Serving people from different backgrounds and with different luggage can be a challenge in the daily practice of therapy. Each new context in which we come in contact impacts and transforms us, generating changes. But can the impacts of care on the therapist hinder professional performance?
Good management in therapeutic practice depends, in a way, on the characteristics and intrinsic skills of the therapist himself. Emotions and thoughts felt by the therapist during the sessions can be more difficult to be controlled and described, which is possible to achieve after the analysis of the visits, if necessary, the search for supervision and technical opinions of other professionals.
Depending on the demand, the therapist may find himself confronted between the need for a good professional performance and his personal experience of this experience.
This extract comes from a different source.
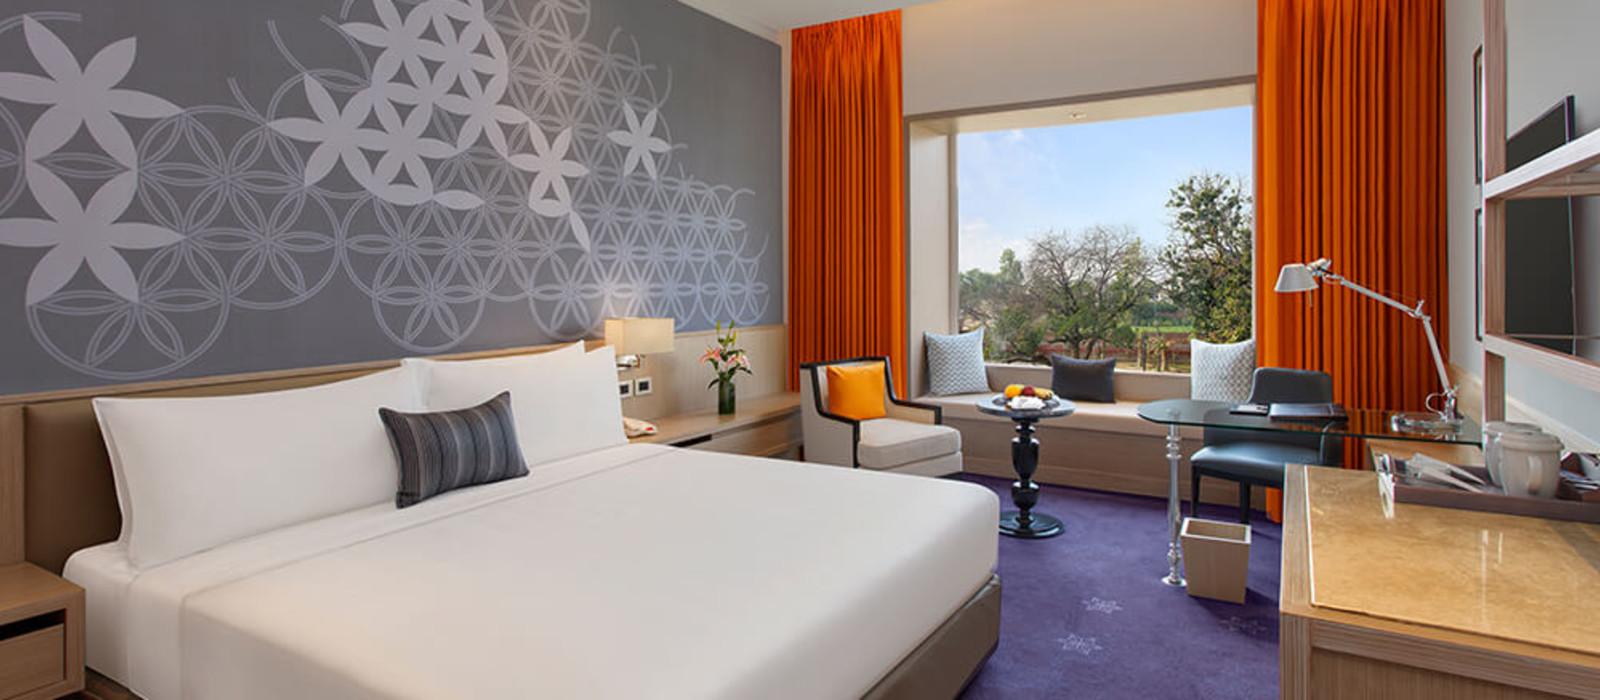 Hotel Welcom Amritsar Nordindien

When challenged, the therapist may be confronted with the fear of losing the client and his lack of repertoire to deal with the situation presented. In this case, it is possible that the therapist tends to emit behaviors to keep the client and not lose him, in order to guarantee the continuity of the therapeutic process and to calm down in the face of the challenge. But the important thing is that the therapist knows the limits of his own repertoire and knows where there are spaces to be filled with more experience.
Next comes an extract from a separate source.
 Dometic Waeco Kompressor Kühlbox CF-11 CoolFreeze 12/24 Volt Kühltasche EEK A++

The broader repertoire will be the contact with the diversity of genders, sexual orientations, social roles and minorities’ experiences, as it does not take into account only the experience of the majority and seeks to reach as targets those who need space to find their cure and balance. .
Among the main themes that lead to great impacts on the performance of the professional therapist, we find different moral, ethical and religious values, which reveal the structure of rules we follow and how we guide our morality and professional conduct. The therapist does not always feel prepared to temporarily distance himself from his values and principles in order to approach the empathy of looking at the subject attended to in his motivations and preferences, without judgments.
Aversive subjects brought up by the customer can also generate a feeling of having a problem with the customer. It is necessary for the therapist to remember that nothing that happens in the therapeutic setting is about him, but about the client served.
Disrespect is a generally difficult issue to deal with in any area of life, and it may be that experiencing it within the therapeutic setting is also a challenge. Often, disrespect gives rise to or is accompanied by aggressive and inappropriate feelings and behaviors for the situation, with which the therapist needs to use flexibility and flexibility to adapt his / her conduct to the needs of the individual being served.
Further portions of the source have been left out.